▸ **Work to complete**: Would you reproduce the whole listing exactly, minus its images?

▸ **Given material**:
_ _ _

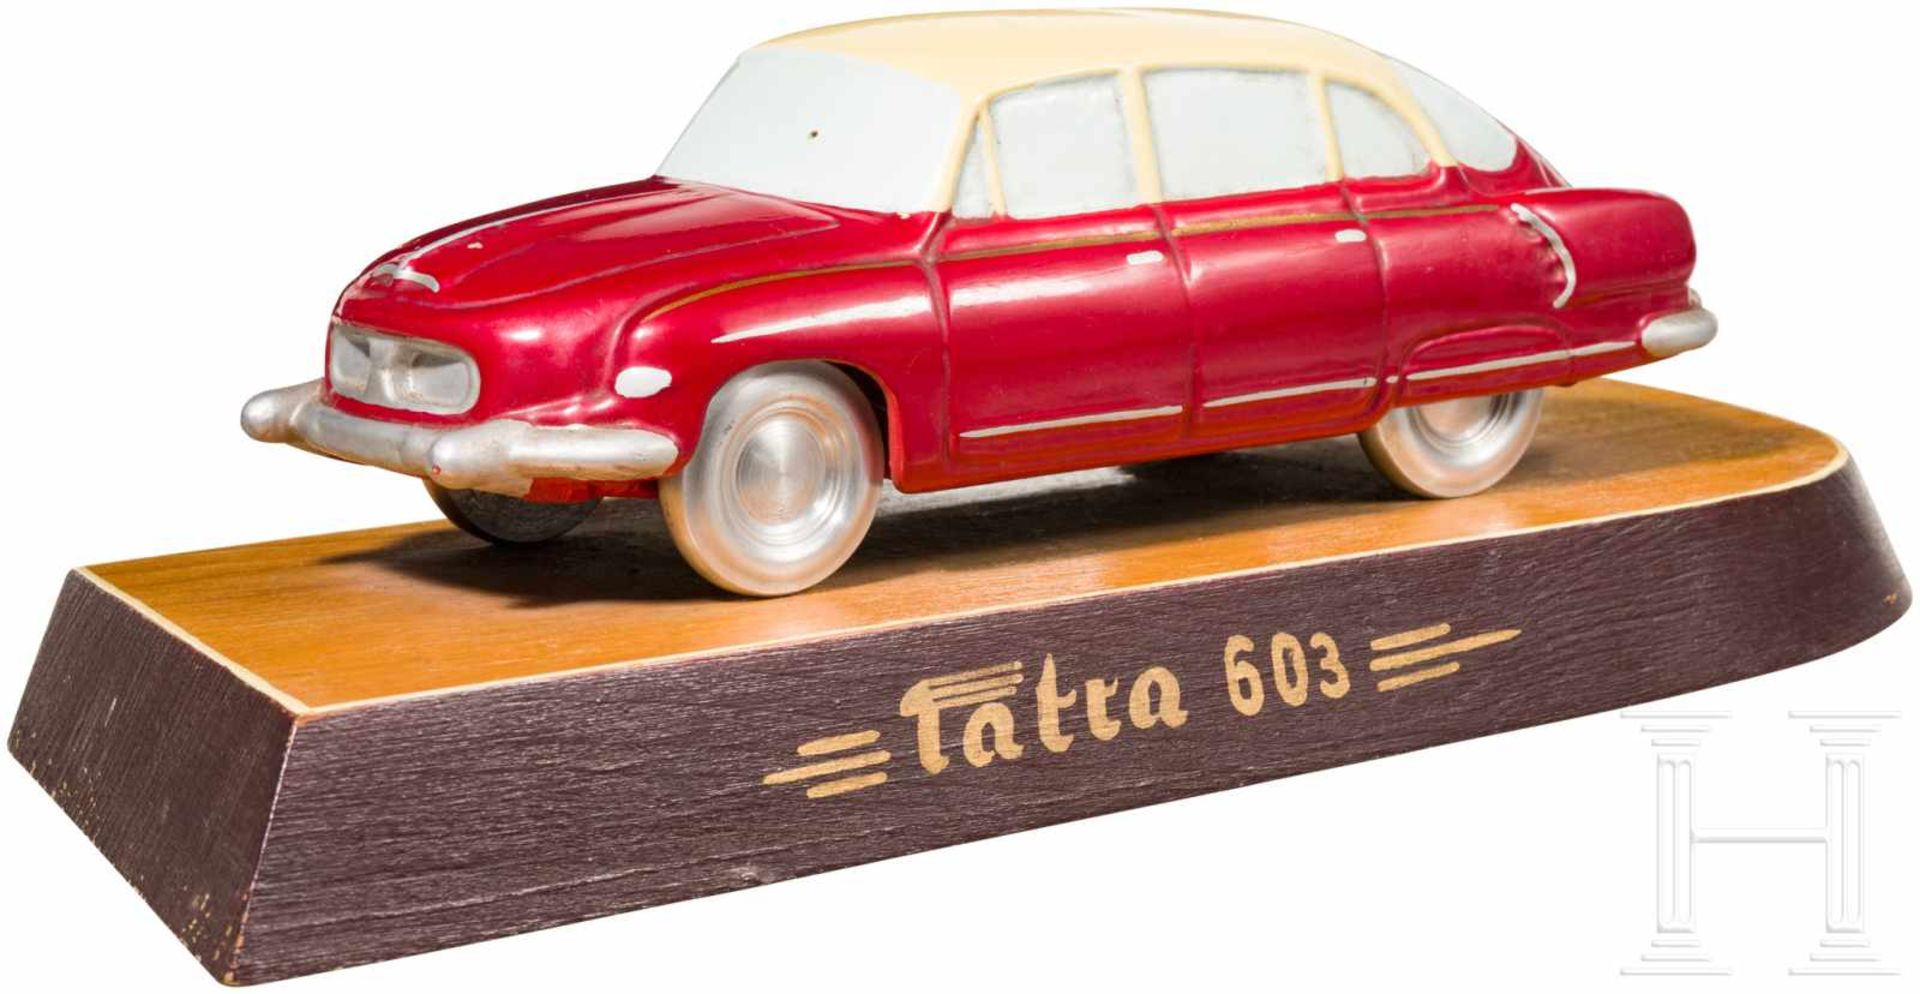 Schreibtischmodell eines Tatra 603-2, 1960er JahreGussmetall mit Farbfassung (minimale Abplatzer)
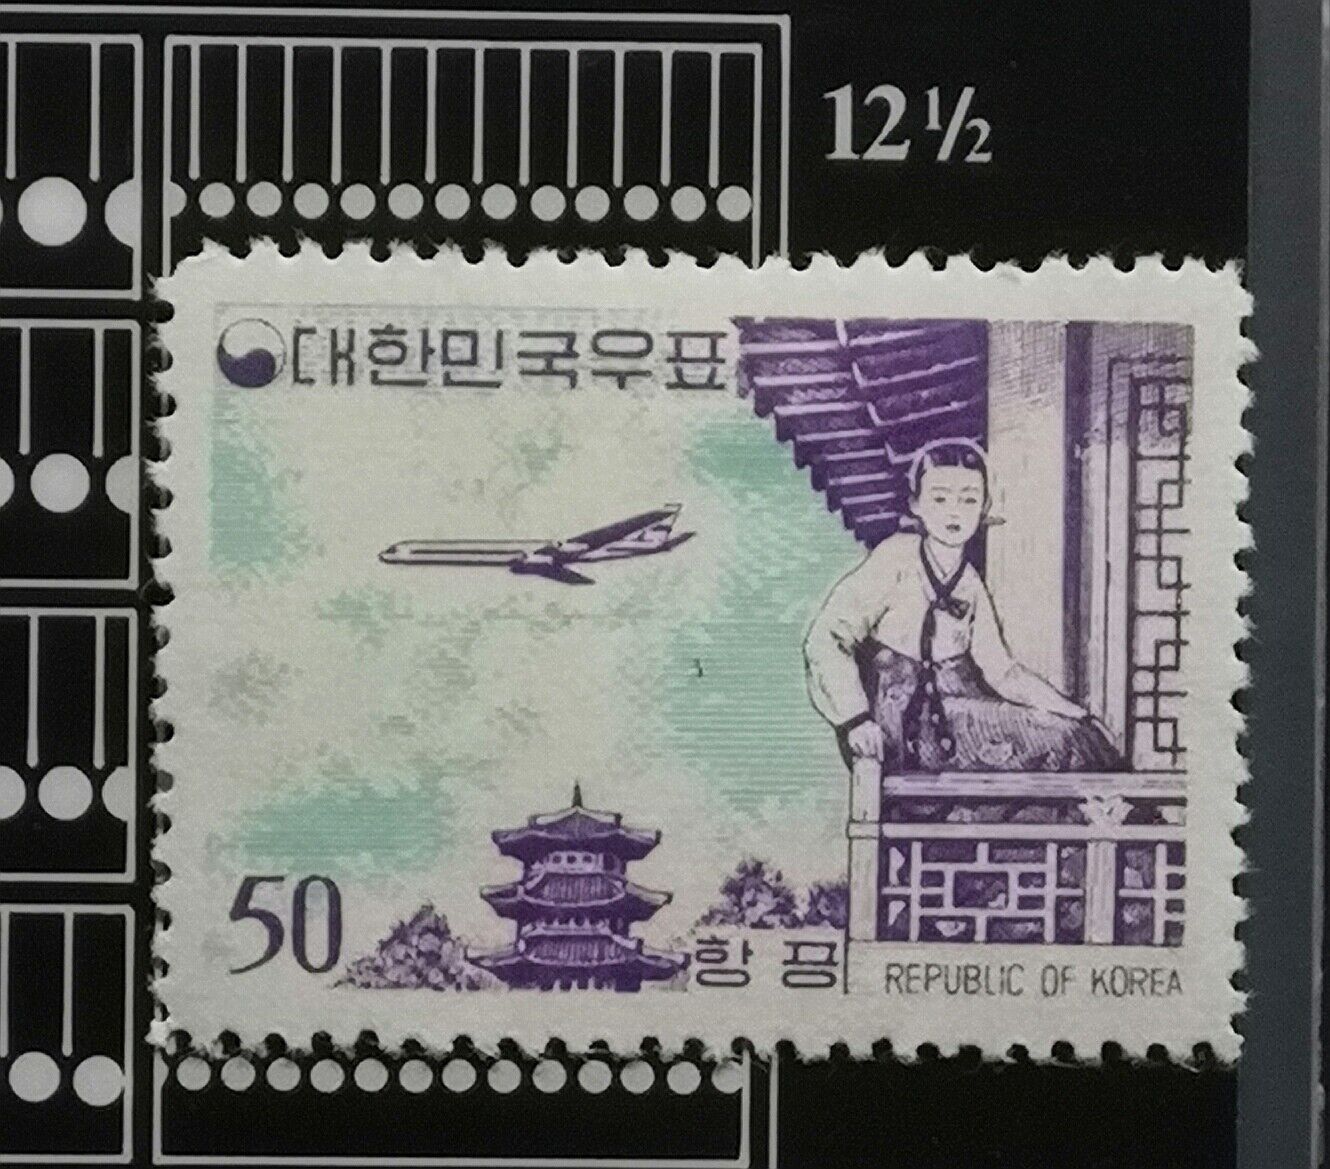 South Korea 1961 Full Set, Original Gum, Unused, perf.12.1/2 Airmail. Без бренда - фотография #3
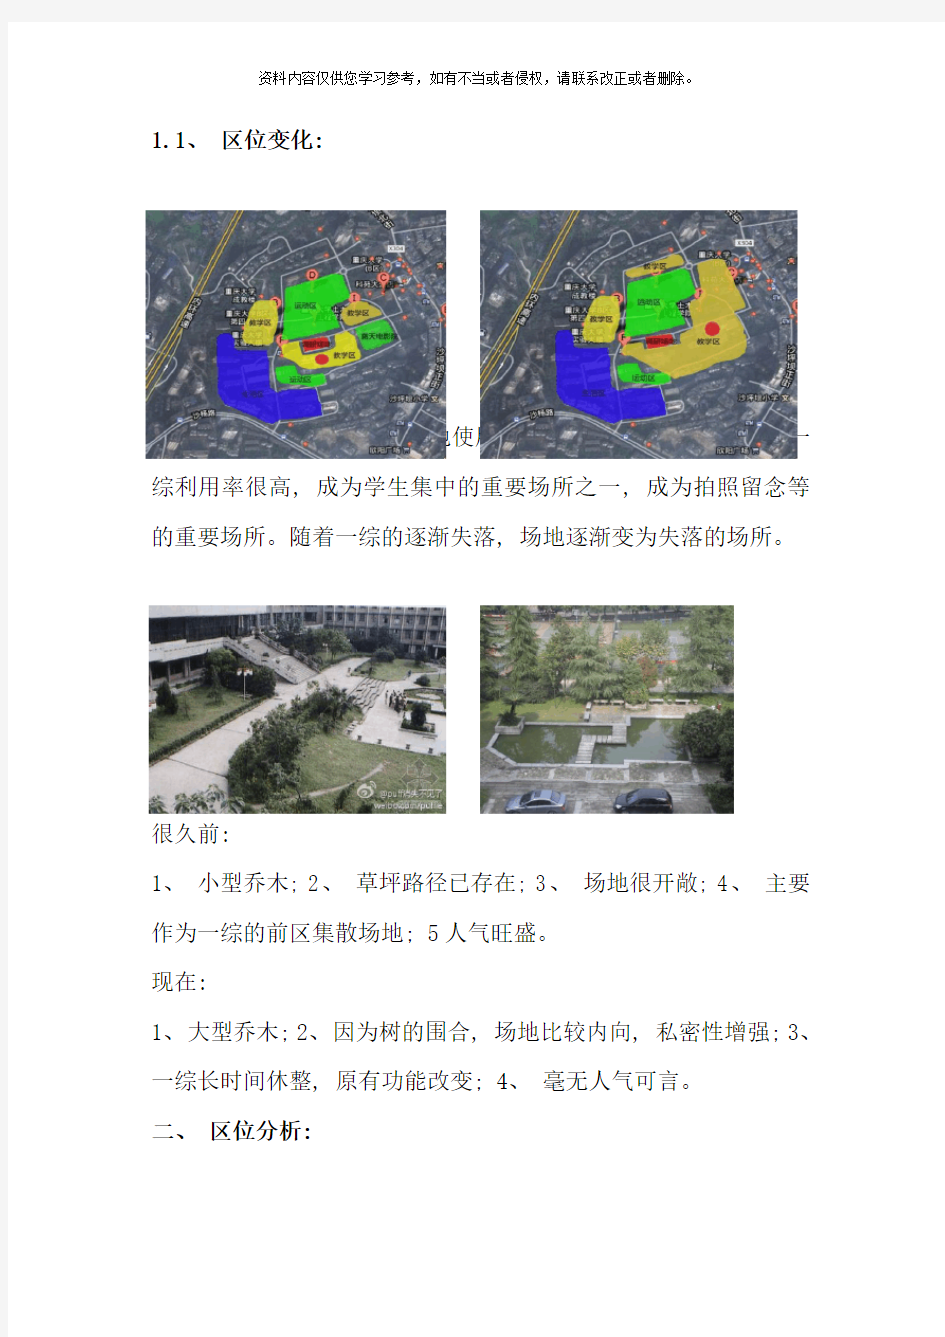 重庆大学校内场地设计调研报告样本
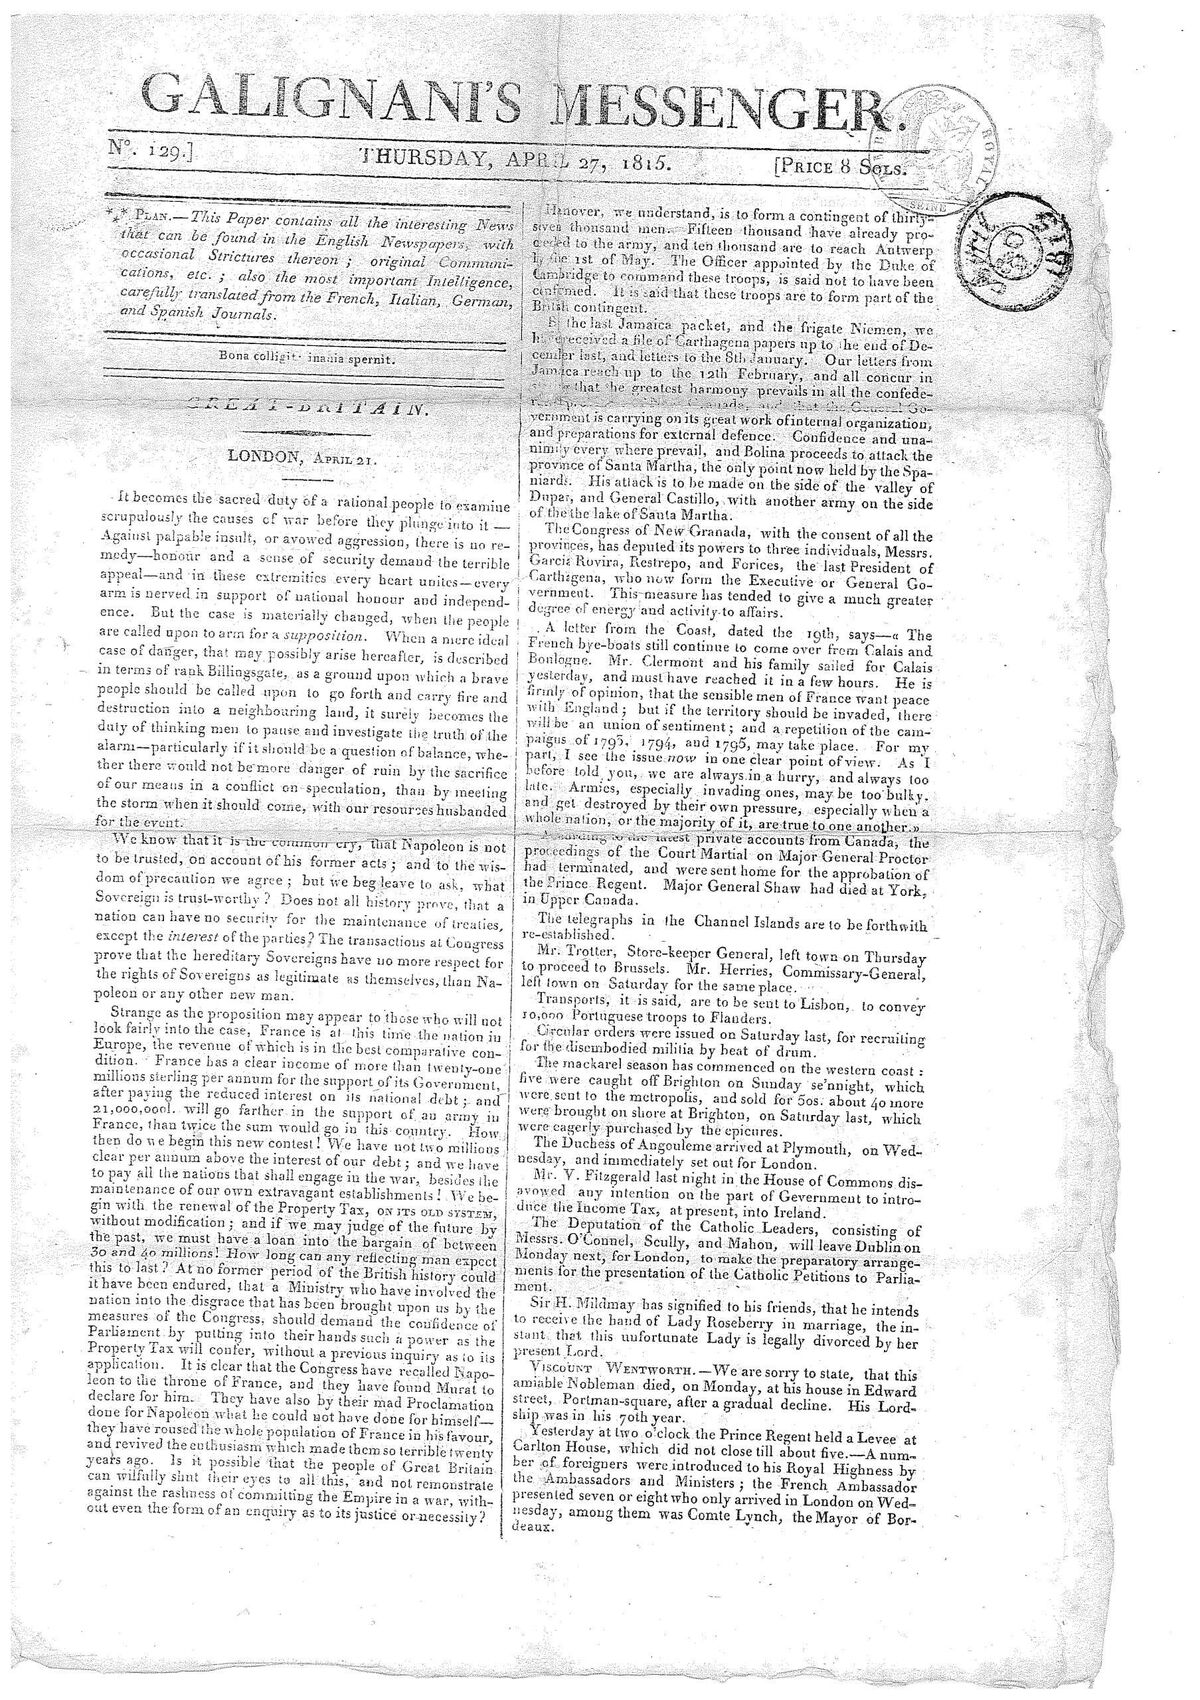 GFD 3/279: Frontseite von «Galignani’s Messenger» vom 27. April 1815

_ _ _

▸ **Your solution**:
 Schreibtischmodell eines Tatra 603-2, 1960er JahreGussmetall mit Farbfassung (minimale Abplatzer)
 South Korea 1961 Full Set, Original Gum, Unused, perf.12.1/2 Airmail. Без бренда - фотография #3
 重庆大学校内场地设计调研报告样本
 GFD 3/279: Frontseite von «Galignani’s Messenger» vom 27. April 1815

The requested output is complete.